**Work instructions**
In your copy, leave out the pictures; write out all the data exactly.
### Given data
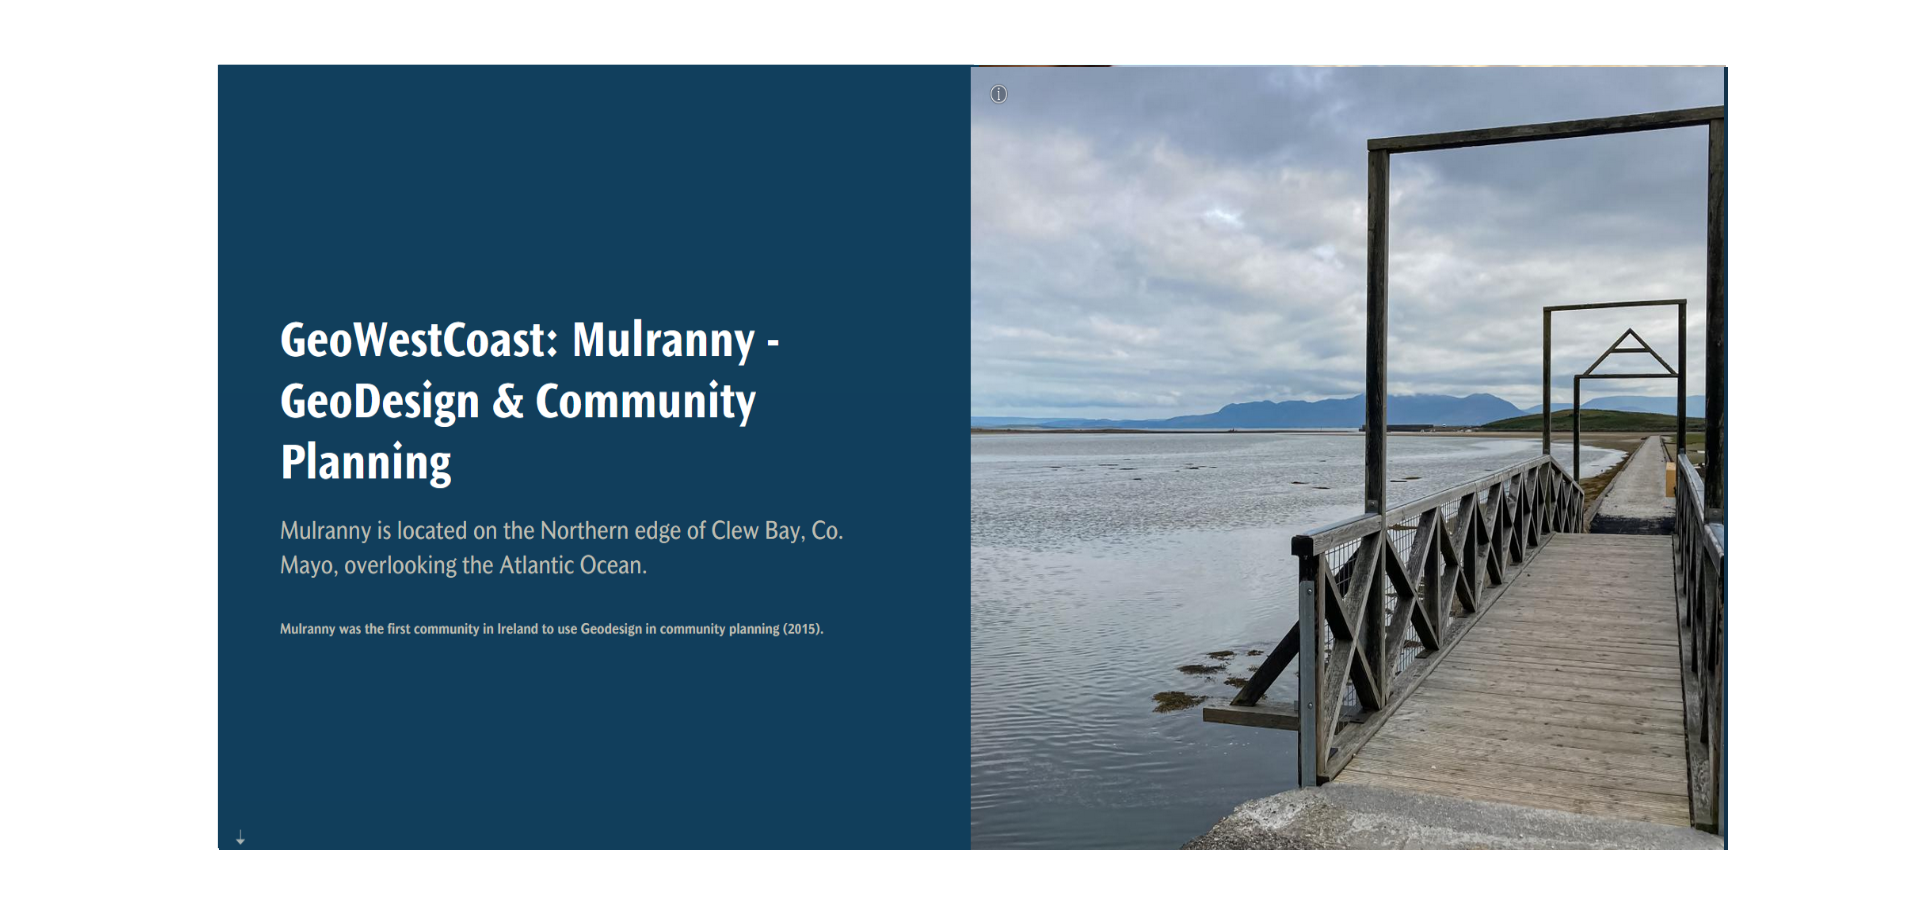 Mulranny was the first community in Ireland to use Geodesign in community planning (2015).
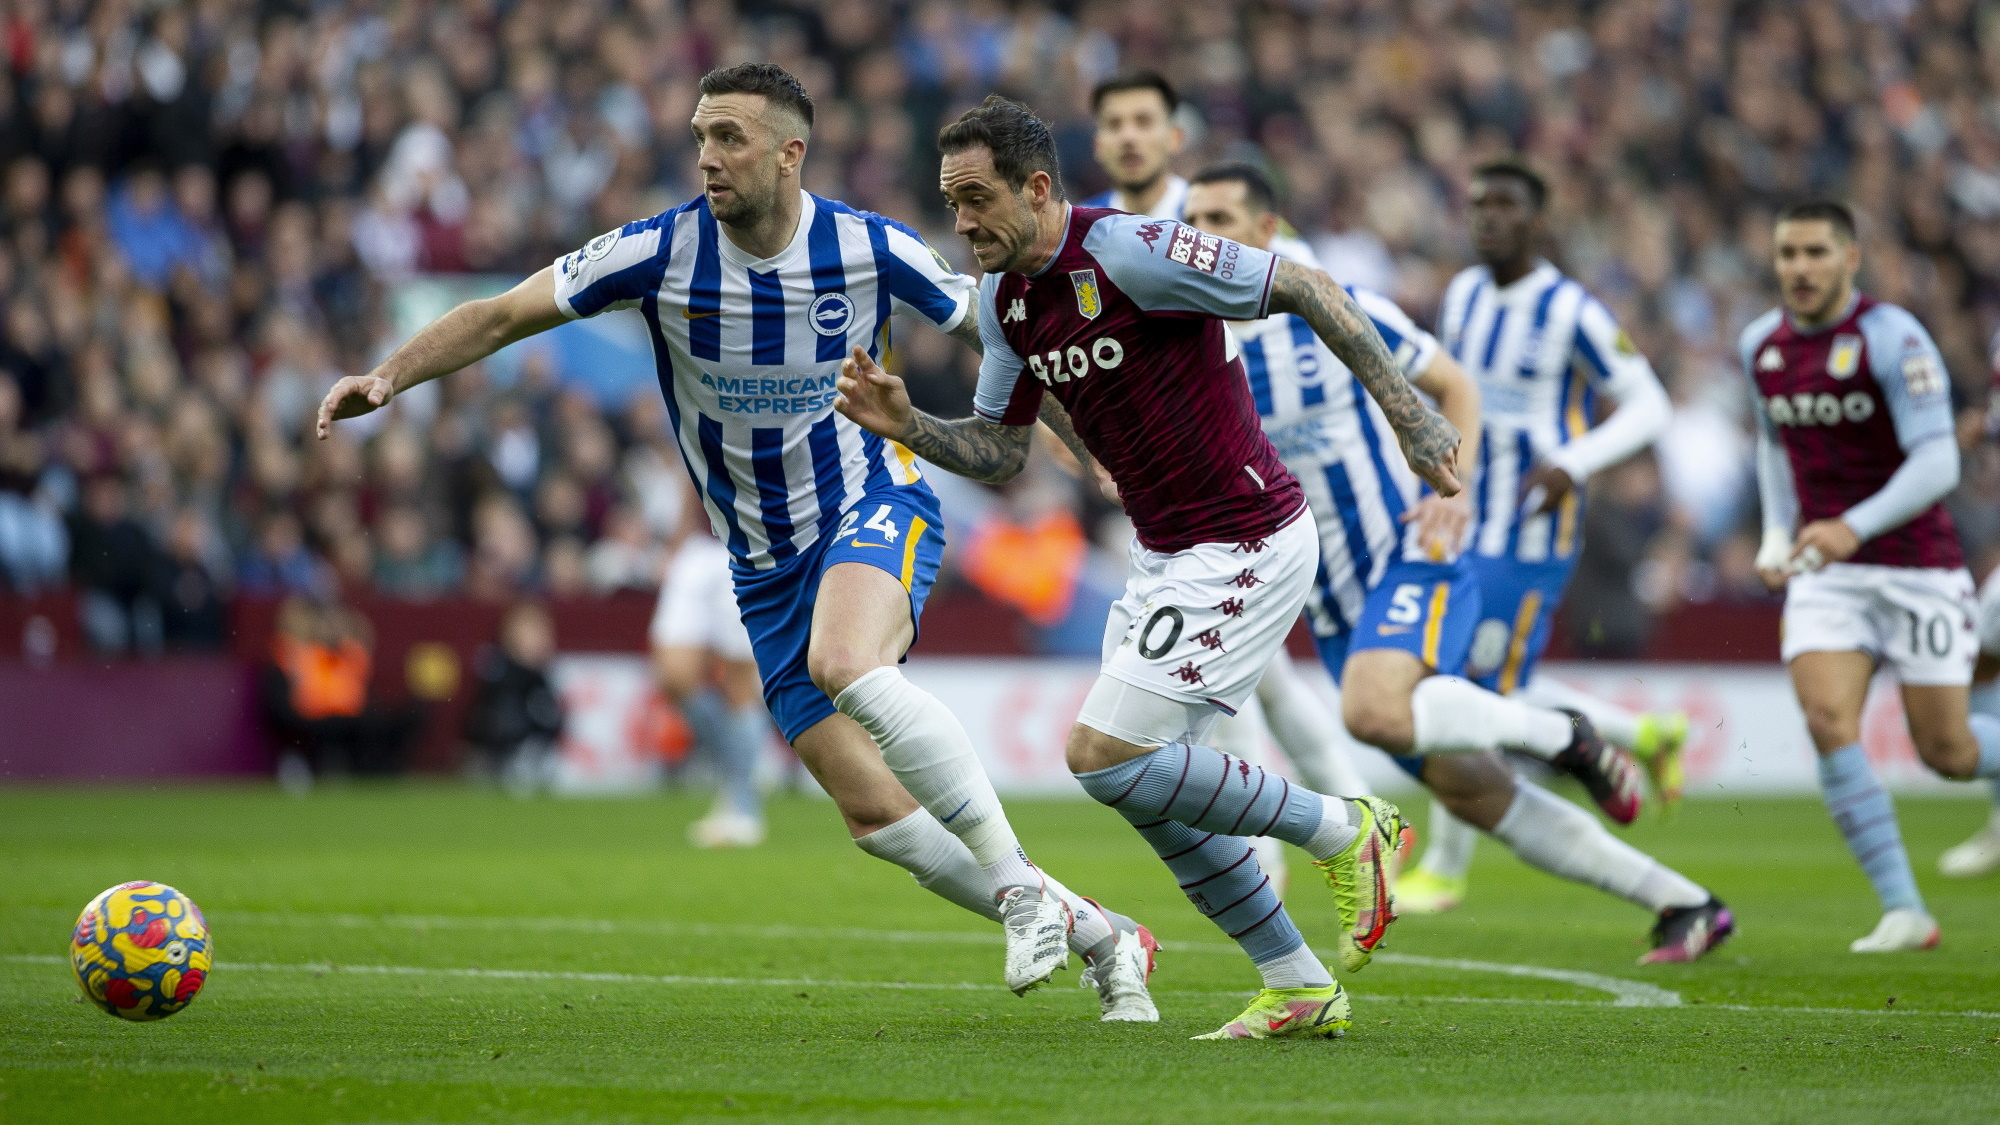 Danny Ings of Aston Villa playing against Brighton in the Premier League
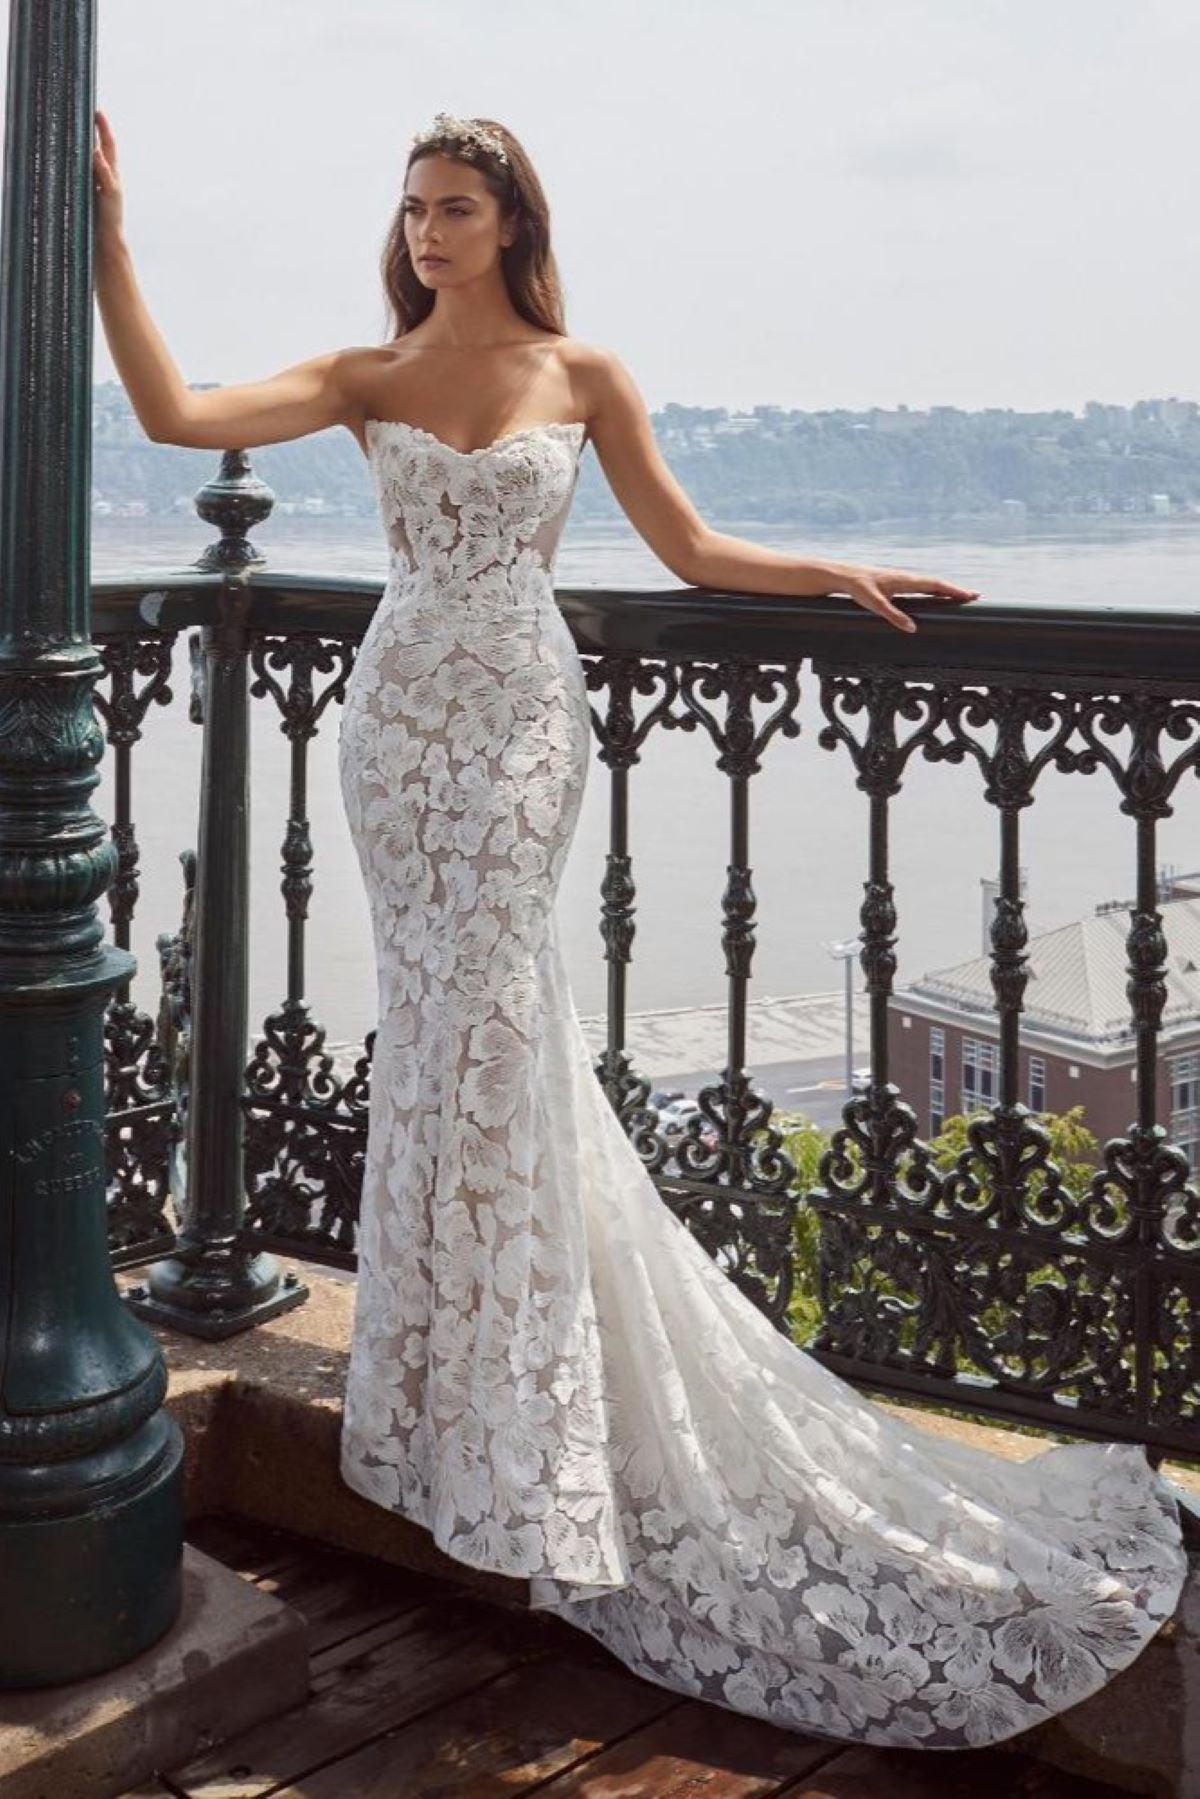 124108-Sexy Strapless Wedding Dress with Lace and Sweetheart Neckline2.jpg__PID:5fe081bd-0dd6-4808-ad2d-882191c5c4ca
######
**Result of this task**
 Mulranny was the first community in Ireland to use Geodesign in community planning (2015).
 Danny Ings of Aston Villa playing against Brighton in the Premier League
 124108-Sexy Strapless Wedding Dress with Lace and Sweetheart Neckline2.jpg__PID:5fe081bd-0dd6-4808-ad2d-882191c5c4ca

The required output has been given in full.